Thursday, April 23, 2015

books on airplane


On the long flights to and from the Netherlands, I read two pretty good books. They both read quickly, and had some very good moments. They didn't blow me away but I enjoyed them, and wanted to record them briefly. I've found that even though I can recall the impression a book gave me long after I read it, I often forget what actually happens.

The Storied Life of AJ Fikry by Gabrielle Zevin This book is very popular, and was written to be a crowd pleaser. It's about a grumpy man who owns a bookstore, whose life changes when a baby girl is left in his shop. Everything is neatly tied together like a puzzle; there's a love story and each character is shown to be part of a bigger plot; but it's not meant to be realistic. It's meant to be a story, and I liked how much of the book was about the power of stories. Each chapter began with a reference to a story, book, or poem and the book was sprinkled with literary references. As common a gimmick as that is, I like it when it works well (love Gilmore Girls!) and I thought it was done well here. The book was also very funny, which I always appreciate because I can't write anything funny.

All the Light That We Cannot See by Anthony Doerr This is also very popular and is also a National Book Award finalist--and now that I'm looking it up, see that it just won the Pulitzer Prize. It alternates chapters between a blind girl growing up in Paris who flees after its occupation by Nazi Germany and a an orphan boy who grows up in Germany and ends up working for the Nazis by finding and hunting down radio signals of Resistance movements. I liked it, but I didn't love it and thought that another Holocaust novel it reminded me of was much better (Julie Orringer's Invisible Bridge). My brother recommended it as beautifully written but the writing didn't strike me as such. I did like how it explored a number of different characters during this time period and their nuances and circumstances. It made World War II and the Holocaust about very personal, individual stories, and I was invested in each of them, finishing the book in mostly one go on the flight back home.

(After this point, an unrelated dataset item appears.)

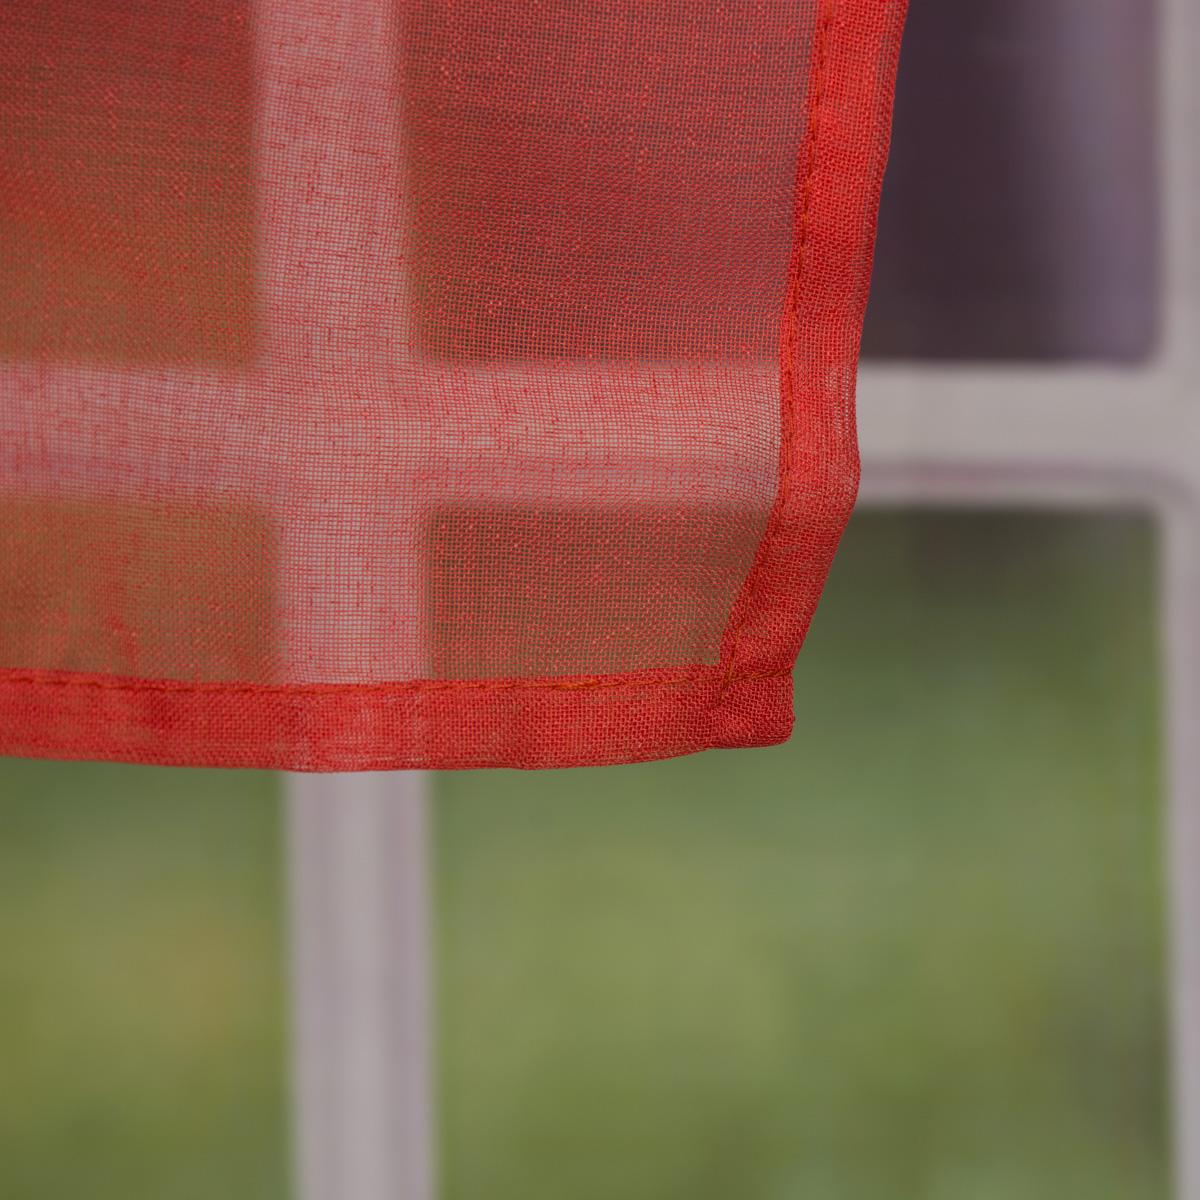 fertiggardine sengardine einfarbig voile struktur coralle rot 135x260cm fertiggardinen senschals. Black Bedroom Furniture Sets. Home Design Ideas

But I found myself thinking too often how the writer was going to develop the characters and connect them; it didn't feel organic to me.

I don't regularly read anymore, another habit that residency has changed, but am always reminded of how much I love it when I get back to it.

Tuesday, April 21, 2015

march


March was a blurry month that I am happy to say I will never repeat. Night shifts are fun in terms of work and horrible in terms of everything else.

1. Blogging: I did manage to sneak in four entries so roughly once a week, and am really happy about this resolution since it's kept me writing more and I just want to get back in the habit of it.

2. Recipes: Somehow I was able to try several new recipes in March. The theme was sauces, and I tried scallops with a white wine sauce and then to use up the wine, a salmon with white wine butter sauce. Loved both and made the scallops a few times since then. Also tried Emeril's creamy lime avocado vinaigrette, which we used on grilled shrimp. I love grilling and would like to learn more tips for this such as more vegetarian recipes and also figuring out exactly how long to cook things...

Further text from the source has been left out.